Laboratory data and useful investigations. Chemical substances in body fluids. Base excess and buffer base. Actual and standard bicarbonate. Plasma total CO2, plasma bicarbonate. Chemical substances in urine. Enzymes and hormones in urine. Renal function tests. Haematological tests. Central venous pressure. Haemodynamic monitoring using the Swan Ganz catheter. Radiological investigations. Solutions for intravenous therapy and their uses. Sodium chloride solutions. Sodium bicarbonate. One-sixth molar sodium lactate. Potassium chloride. Potassium acetate.

Magnesium sulphate. Isotonic mixed electrolyte solutions. Colloidal solutions. Nutritive solutions. Ammonium chloride. Forced dieresis. Water loss syndrome. Pure deprivation of water. Increased water loss. Physical signs of water loss. Laboratory findings of water loss. Treatment of water loss syndrome. Amount of water required.

panel.hipwee.com/40432-phone-number.php Water excess syndrome. Water excess caused by intravenous infusion. Water excess caused by irrigation. Symptoms and signs of water excess. Laboratory findings. Treatment of water excess. Sodium loss syndrome. Causes of sodium loss syndrome. Diarrhoeal causes. Treatment of diarrhoeal loss. Gastrointestinal and biliary fistulae.

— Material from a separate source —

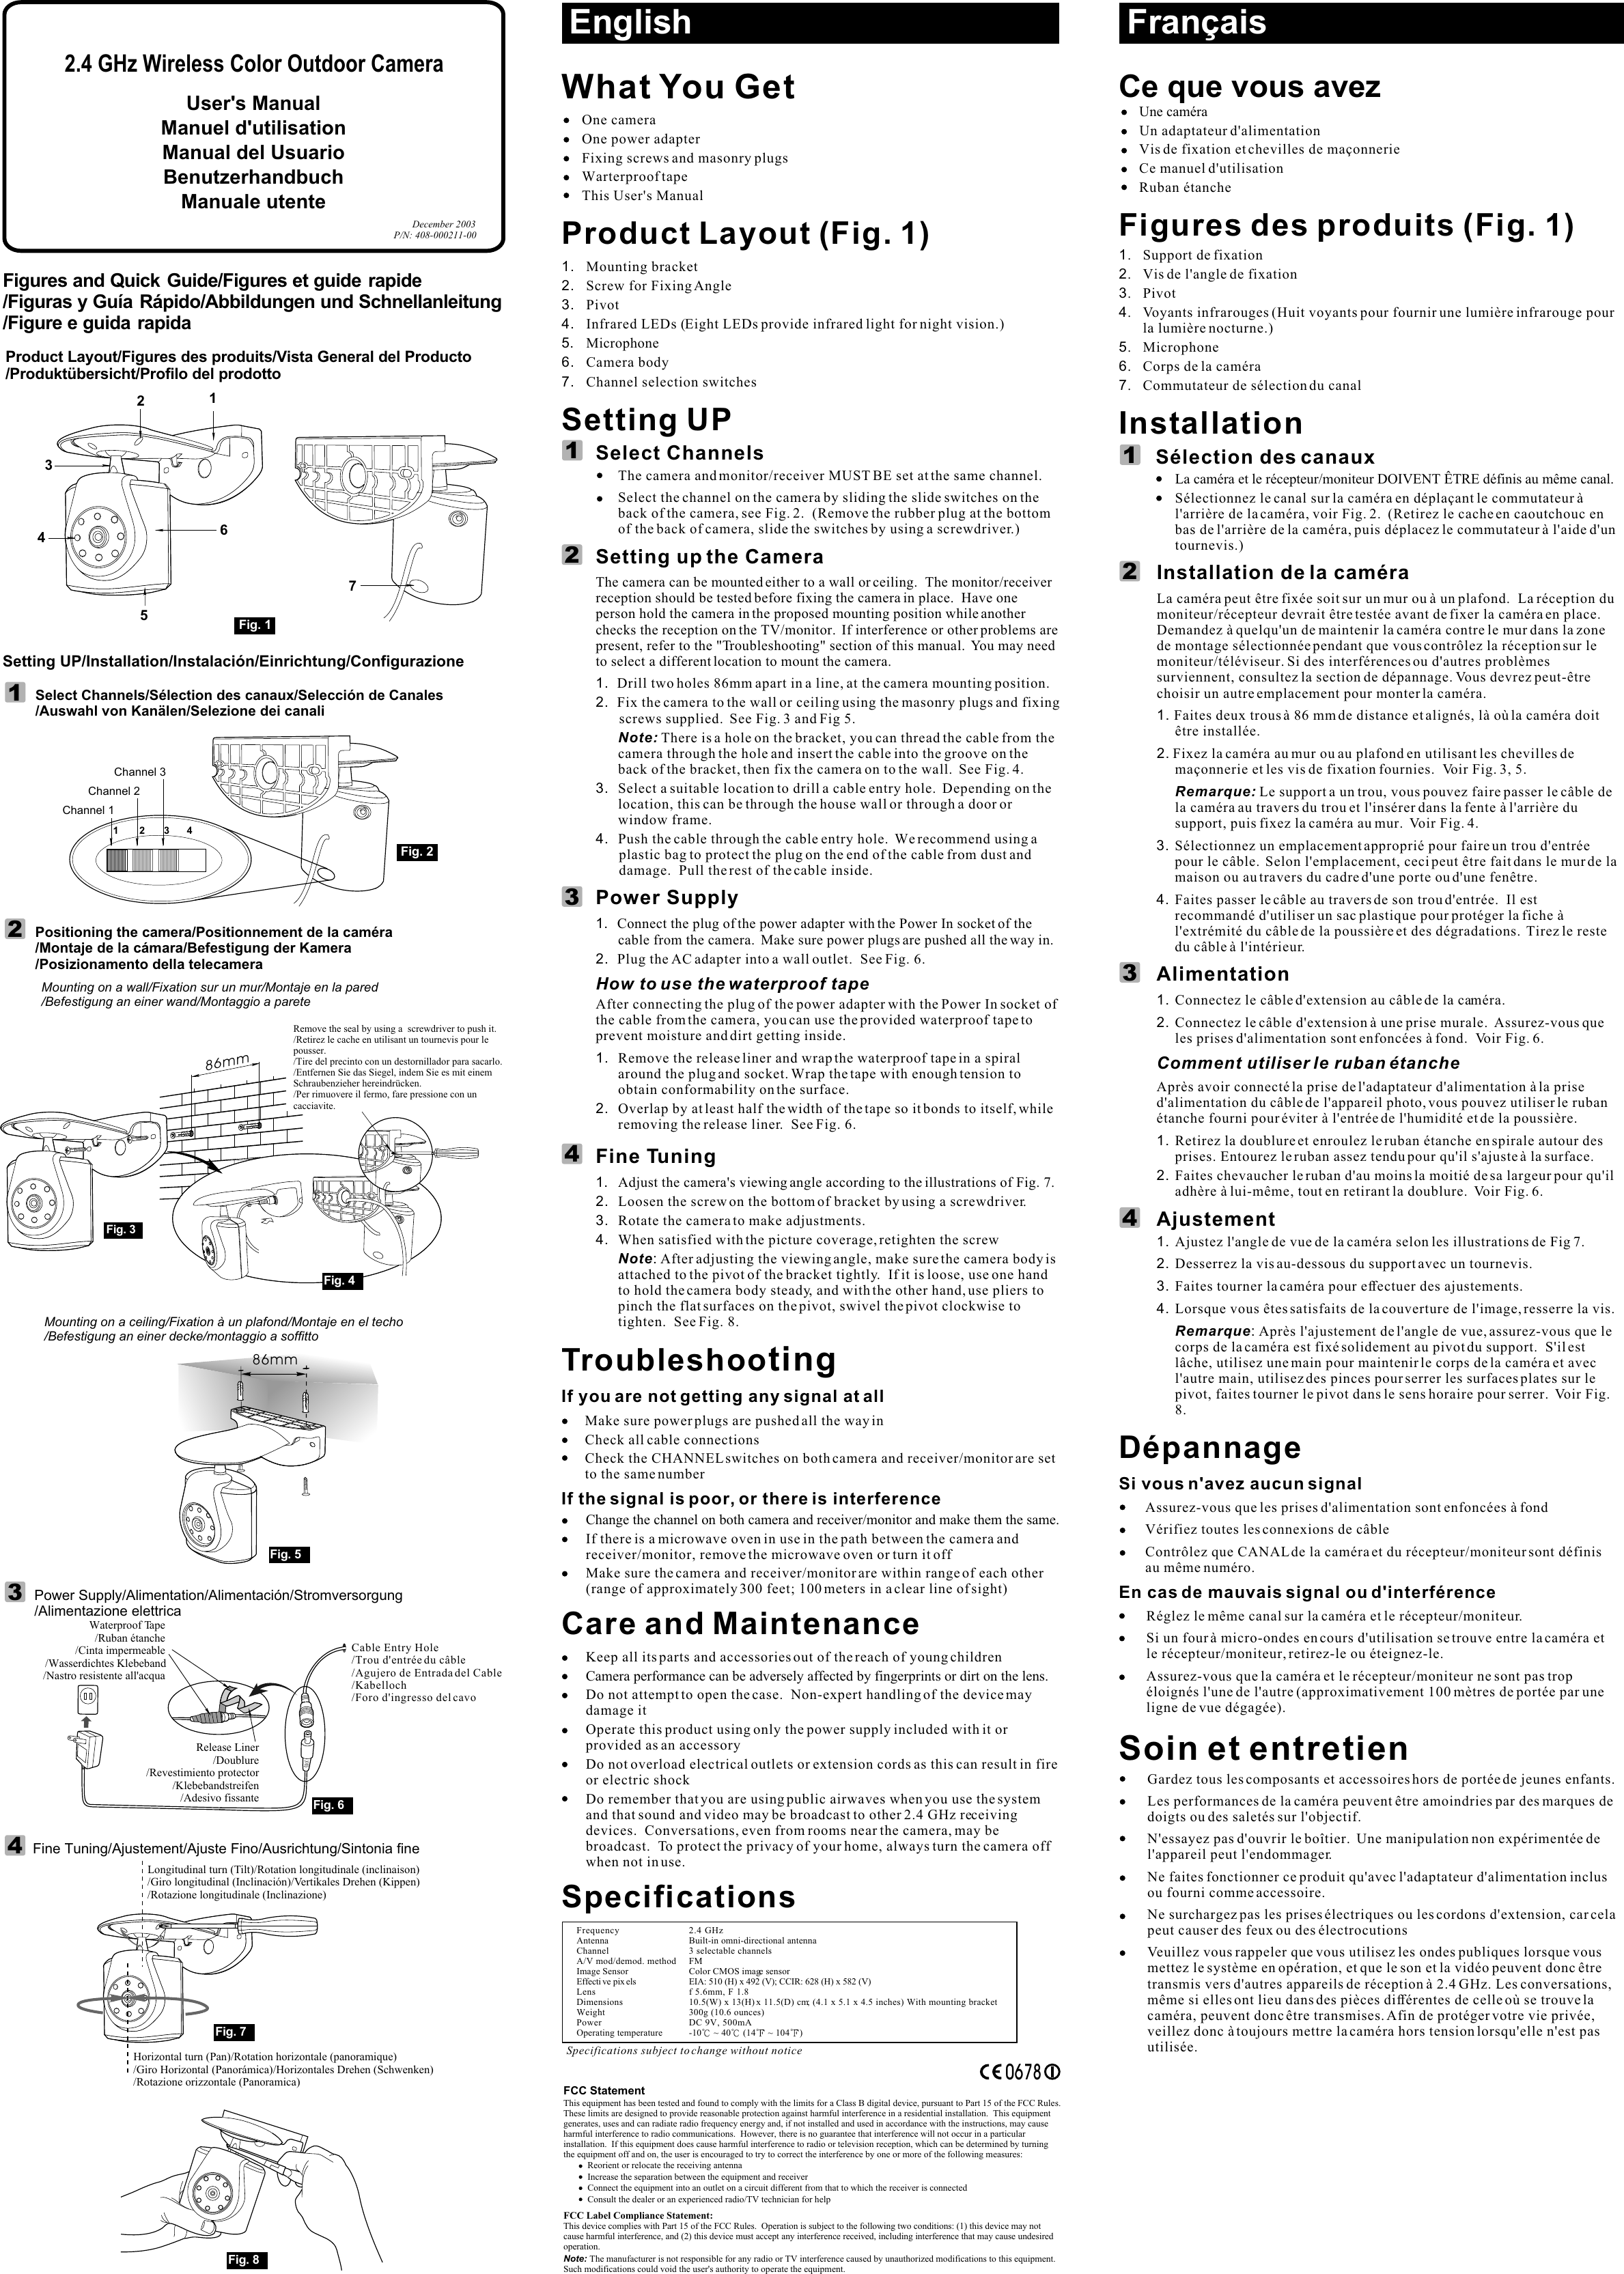 Product Layout/Figures des produits/Vista General del Producto/Produktübersicht/Profilo del prodottoSetting UP/Installation/Instalación/Einrichtung/Configurazione User&apos;s ManualManuel d&apos;utilisationManual del UsuarioBenutzerhandbuchManuale utenteDecember 2003P/N: 408-000211-00Figures and Quick Guide//Figures et guide rapideFiguras y Guía Rápido/Abbildungen und Schnellanleitung/Figure e guida rapida712456Fig. 133Positioning the camera/Positionnement de la caméra/Montaje de la cámara/Befestigung der Kamera/Posizionamento della telecameraMounting on a ceiling/Fixation à un plafond/Montaje en el techo/Befestigung an einer decke/montaggio a soffitto86mmLongitudinal turn (Tilt)/Rotation longitudinale (inclinaison)/Giro longitudinal (Inclinación)/Vertikales Drehen (Kippen)/Rotazione longitudinale (Inclinazione)Horizontal turn (Pan)/Rotation horizontale (panoramique)/Giro Horizontal (Panorámica)/Horizontales Drehen (Schwenken)/Rotazione orizzontale (Panoramica)Fig. 5Fig. 8Power Supply/Alimentation/Alimentación/Stromversorgung/Alimentazione elettricaFine Tuning/Ajustement/Ajuste Fino/Ausrichtung/Sintonia fine86mmFig. 3Fig. 4Remove the seal by using a  screwdriver to push it./Retirez le cache en utilisant un tournevis pour le pousser./Tire del precinto con un destornillador para sacarlo./Entfernen Sie das Siegel, indem Sie es mit einem Schraubenzieher hereindr ken./Per rimuovere il fermo, fare pressione con un cacciavite.ücFig. 7Fig. 6Cable Entry Hole//Agujero de Entrada del Cable/Kabelloch/Foro d&apos;ingresso del cavoTrou d&apos;entrée du câbleRelease Liner/Doublure/Revestimiento protector/Klebebandstreifen/Adesivo fissanteWaterproof Tape/Ruban étanche/Cinta impermeable/Wasserdichtes Klebeband/Nastro resistente all&apos;acqua2.4 GHz Wireless Color Outdoor Camera English113322What You GetOne cameraOne power adapter Fixing screws and masonry plugsWarterproof tapeThis User&apos;s ManualProduct Layout (Fig. 1)1. Mounting bracket2. Screw for Fixing Angle3. Pivot4. Infrared LEDs (Eight LEDs provide infrared light for night vision.) 5. Microphone6. Camera body7. Channel selection switchesSetting UPSelect ChannelsThe camera and monitor/receiver MUST BE set at the same channel.Select the channel on the camera by sliding the slide switches on the back of the camera, see Fig. 2.  (Remove the rubber plug at the bottom of the back of camera, slide the switches by using a screwdriver.)Setting up the CameraThe camera can be mounted either to a wall or ceiling.  The monitor/receiver reception should be tested before fixing the camera in place.  Have one person hold the camera in the proposed mounting position while another checks the reception on the TV/monitor.  If interference or other problems are present, refer to the &quot;Troubleshooting&quot; section of this manual.  You may need to select a different location to mount the camera.1. Drill two holes 86mm apart in a line, at the camera mounting position.2.  Fix the camera to the wall or ceiling using the masonry plugs and fixing screws supplied.  See Fig. 3 and Fig 5. Note: There is a hole on the bracket, you can thread the cable from the camera through the hole and insert the cable into the groove on the back of the bracket, then fix the camera on to the wall.  See Fig. 4.3. Select a suitable location to drill a cable entry hole.  Depending on the location, this can be through the house wall or through a door or window frame.4. Push the cable through the cable entry hole.  We recommend using a plastic bag to protect the plug on the end of the cable from dust and damage.  Pull the rest of the cable inside.Power Supply 1. Connect the plug of the power adapter with the Power In socket of the cable from the camera.  Make sure power plugs are pushed all the way in.2. Plug the AC adapter into a wall outlet.  See Fig. 6.How to use the waterproof tapeAfter connecting the plug of the power adapter with the Power In socket of the cable from the camera, you can use the provided waterproof tape to prevent moisture and dirt getting inside.1.  Remove the release liner and wrap the waterproof tape in a spiral around the plug and socket. Wrap the tape with enough tension to obtain conformability on the surface.2.  Overlap by at least half the width of the tape so it bonds to itself, while removing the release liner.  See Fig. 6.Fine Tuning1. Adjust the camera&apos;s viewing angle according to the illustrations of Fig. 7.2. Loosen the screw on the bottom of bracket by using a screwdriver.3. Rotate the camera to make adjustments.4. When satisfied with the picture coverage, retighten the screw Note: After adjusting the viewing angle, make sure the camera body is attached to the pivot of the bracket tightly.  If it is loose, use one hand to hold the camera body steady, and with the other hand, use pliers to pinch the flat surfaces on the pivot, swivel the pivot clockwise to tighten.  See Fig. 8.TroubleshootingIf you are not getting any signal at allMake sure power plugs are pushed all the way inCheck all cable connectionsCheck the CHANNEL switches on both camera and receiver/monitor are set to the same numberIf the signal is poor, or there is interferenceChange the channel on both camera and receiver/monitor and make them the same.If there is a microwave oven in use in the path between the camera and receiver/monitor, remove the microwave oven or turn it offMake sure the camera and receiver/monitor are within range of each other (range of approximately 300 feet; 100 meters in a clear line of sight)Care and MaintenanceKeep all its parts and accessories out of the reach of young childrenCamera performance can be adversely affected by fingerprints or dirt on the lens.  Do not attempt to open the case.  Non-expert handling of the device may damage itOperate this product using only the power supply included with it or provided as an accessoryDo not overload electrical outlets or extension cords as this can result in fire or electric shockDo remember that you are using public airwaves when you use the system and that sound and video may be broadcast to other 2.4 GHz receiving devices.  Conversations, even from rooms near the camera, may be broadcast.  To protect the privacy of your home, always turn the camera off when not in use.Specifications0678Specifications subject to change without noticeFrequency 2.4 GHzAntenna Built-in omni-directional antennaChannel 3 selectable channelsA/V mod/demod. method FMImage Sensor Color CMOS image sensorEffecti ve pix els EIA: 510 (H) x 492 (V); CCIR: 628 (H) x 582 (V)Lens f 5.6mm, F 1.8Dimensions 10.5(W) x 13(H) x 11.5(D) cm; (4.1 x 5.1 x 4.5 inches) With mounting bracketWeight  300g (10.6 ounces) Power DC 9V, 500mA Operating temperature -10  ~ 40  (14  ~ 104 )FCC StatementThis equipment has been tested and found to comply with the limits for a Class B digital device, pursuant to Part 15 of the FCC Rules.  These limits are designed to provide reasonable protection against harmful interference in a residential installation.  This equipment generates, uses and can radiate radio frequency energy and, if not installed and used in accordance with the instructions, may cause harmful interference to radio communications.  However, there is no guarantee that interference will not occur in a particular installation.  If this equipment does cause harmful interference to radio or television reception, which can be determined by turning the equipment off and on, the user is encouraged to try to correct the interference by one or more of the following measures:Reorient or relocate the receiving antennaIncrease the separation between the equipment and receiverConnect the equipment into an outlet on a circuit different from that to which the receiver is connectedConsult the dealer or an experienced radio/TV technician for helpFCC Label Compliance Statement:This device complies with Part 15 of the FCC Rules.  Operation is subject to the following two conditions: (1) this device may not cause harmful interference, and (2) this device must accept any interference received, including interference that may cause undesired operation.Note: The manufacturer is not responsible for any radio or TV interference caused by unauthorized modifications to this equipment.  Such modifications could void the user&apos;s authority to operate the equipment.Ce que vous avezUn adaptateur d&apos;alimentationFigures des produits (Fig. 1)1. Support de fixation2. Vis de l&apos;angle de fixation3. Pivot4. Voyants infrarouges (Huit voyants pour fournir une lumière infrarouge pour la lumière nocturne.) 5. Microphone6. Corps de la caméra7. Commutateur de sélection du canal InstallationSélection des canaux La caméra et le récepteur/moniteur DOIVENT ÊTRE définis au même canal.Sélectionnez le canal sur la caméra en déplaçant le commutateur à l&apos;arrière de la caméra,    (Retirez le cache en caoutchouc en bas de l&apos;arrière de la caméra, puis déplacez le commutateur à l&apos;aide d&apos;un tournevis.)Installation de la caméraLa caméra peut être fixée soit sur un mur ou à un plafond.  La réception du moniteur/récepteur devrait être testée avant de fixer la caméra en place. Demandez à quelqu&apos;un de maintenir la caméra contre le mur dans la zone de montage sélectionnée pendant que vous contrôlez la réception sur le moniteur/téléviseur. Si des interférences ou d&apos;autres problèmes surviennent, consultez la section de dépannage. Vous devrez peut-être choisir un autre emplacement pour monter la caméra.1. Faites deux trous à 86 mm de distance et alignés, là où la caméra doit être installée.  2. Fixez la caméra au mur ou au plafond en utilisant les chevilles de maçonnerie et les vis de fixation fournies.  Voir Fig. 3, 5.Remarque: Le support a un trou, vous pouvez faire passer le câble de la caméra au travers du trou et l&apos;insérer dans la fente à l&apos;arrière du support, puis fixez la caméra au mur.  Voir Fig. 4.3. Sélectionnez un emplacement approprié pour faire un trou d&apos;entrée pour le câble.  Selon l&apos;emplacement, ceci peut être fait dans le mur de la maison ou au travers du cadre d&apos;une porte ou d&apos;une fenêtre.4. Faites passer le câble au travers de son trou d&apos;entrée.  Il est recommandé d&apos;utiliser un sac plastique pour protéger la fiche à l&apos;extrémité du câble de la poussière et des dégradations.  Tirez le reste du câble à l&apos;intérieur.Alimentation 1. Connectez le câble d&apos;extension au câble de la caméra.  2. Connectez le câble d&apos;extension à une prise murale.  Assurez-vous que les prises d&apos;alimentation sont enfoncées à fond.  Voir Fig. 6. Comment utiliser le ruban étancheAprès avoir connecté la prise de l&apos;adaptateur d&apos;alimentation à la prise d&apos;alimentation du câble de l&apos;appareil photo, vous pouvez utiliser le ruban étanche fourni pour éviter à l&apos;entrée de l&apos;humidité et de la poussière.1. Retirez la doublure et enroulez le ruban étanche en spirale autour des prises. Entourez le ruban assez tendu pour qu&apos;il s&apos;ajuste à la surface. 2. Faites chevaucher le ruban d&apos;au moins la moitié de sa largeur pour qu&apos;il adhère à lui-même, tout en retirant la doublure.  Voir Fig. 6.AjustementDépannageSi vous n&apos;avez aucun signalAssurez-vous que les prises d&apos;alimentation sont enfoncées à fondVérifiez toutes les connexions de câbleContrôlez que CANAL de la caméra et du récepteur/moniteur sont définis au même numéro.En cas de mauvais signal ou d&apos;interférenceRéglez le même canal sur la caméra et le récepteur/moniteur.i un four à micro-ondes en cours d&apos;utilisation se trouve entre la caméra et le récepteur/moniteur, retirez-le ou éteignez-le.ssurez-vous que la caméra et le récepteur/moniteur ne sont pas trop éloignés l&apos;une de l&apos;autre (approximativement 100 mètres de portée par une ligne de vue dégagée).Soin et entretienGardez tous les composants et accessoires hors de portée de jeunes enfants.Les performances de la caméra peuvent être amoindries par des marques de doigts ou des saletés sur l&apos;objectif. N&apos;essayez pas d&apos;ouvrir le boîtier.  Une manipulation non expérimentée de l&apos;appareil peut l&apos;endommager.Ne faites fonctionner ce produit qu&apos;avec l&apos;adaptateur d&apos;alimentation inclus ou fourni comme accessoire.Ne surchargez pas les prises électriques ou les cordons d&apos;extension, car cela peut causer des feux ou des électrocutionsUne caméraVis de fixation et chevilles de maçonnerieCe manuel d&apos;utilisationRuban étanchevoir Fig. 2.1. Ajustez l&apos;angle de vue de la caméra selon les illustrations de Fig 7.2. Desserrez la vis au-dessous du support avec un tournevis.3. Faites tourner la caméra pour effectuer des ajustements.4. Lorsque vous êtes satisfaits de la couverture de l&apos;image, resserre la vis.Remarque: Après l&apos;ajustement de l&apos;angle de vue, assurez-vous que le corps de la caméra est fixé solidement au pivot du support.  S&apos;il est lâche, utilisez une main pour maintenir le corps de la caméra et avec l&apos;autre main, utilisez des pinces pour serrer les surfaces plates sur le pivot, faites tourner le pivot dans le sens horaire pour serrer.  Voir Fig. 8.SAVeuillez vous rappeler que vous utilisez les ondes publiques lorsque vous mettez le système en opération, et que le son et la vidéo peuvent donc être transmis vers d&apos;autres appareils de réception à 2.4 GHz. Les conversations, même si elles ont lieu dans des pièces différentes de celle où se trouve la caméra, peuvent donc être transmises. Afin de protéger votre vie privée, veillez donc à toujours mettre la caméra hors tension lorsqu&apos;elle n&apos;est pas utilisée. Français4411 2 3 4Channel 1Channel 2Channel 3Fig. 2Select Channels/Sélection des canaux/Selección de Canales/Auswahl von Kanälen/Selezione dei canali2Mounting on a wall/Fixation sur un mur/Montaje en la pared/Befestigung an einer wand/Montaggio a parete4

Treatment of loss via fistulae. Loss through intact skin. Treatment of heat exhaustion. Loss through damaged skin. Treatment of loss through skin. Sequestration of extracellular fluid. Treatment of sequestration of extracellular fluid. Intrinsic renal disease. Treatment of renal loss of sodium. Adrenocortical insufficiency. Treatment of acute adrenal insufficiency.

Diabetic keto-acidosis. Treatment of diabetic keto-acidosis. Paracentesis or acupuncture. Drug-induced sodium loss. Bartter's syndrome. Hyponatraemia without sodium loss. Dilutional hyponatraemia.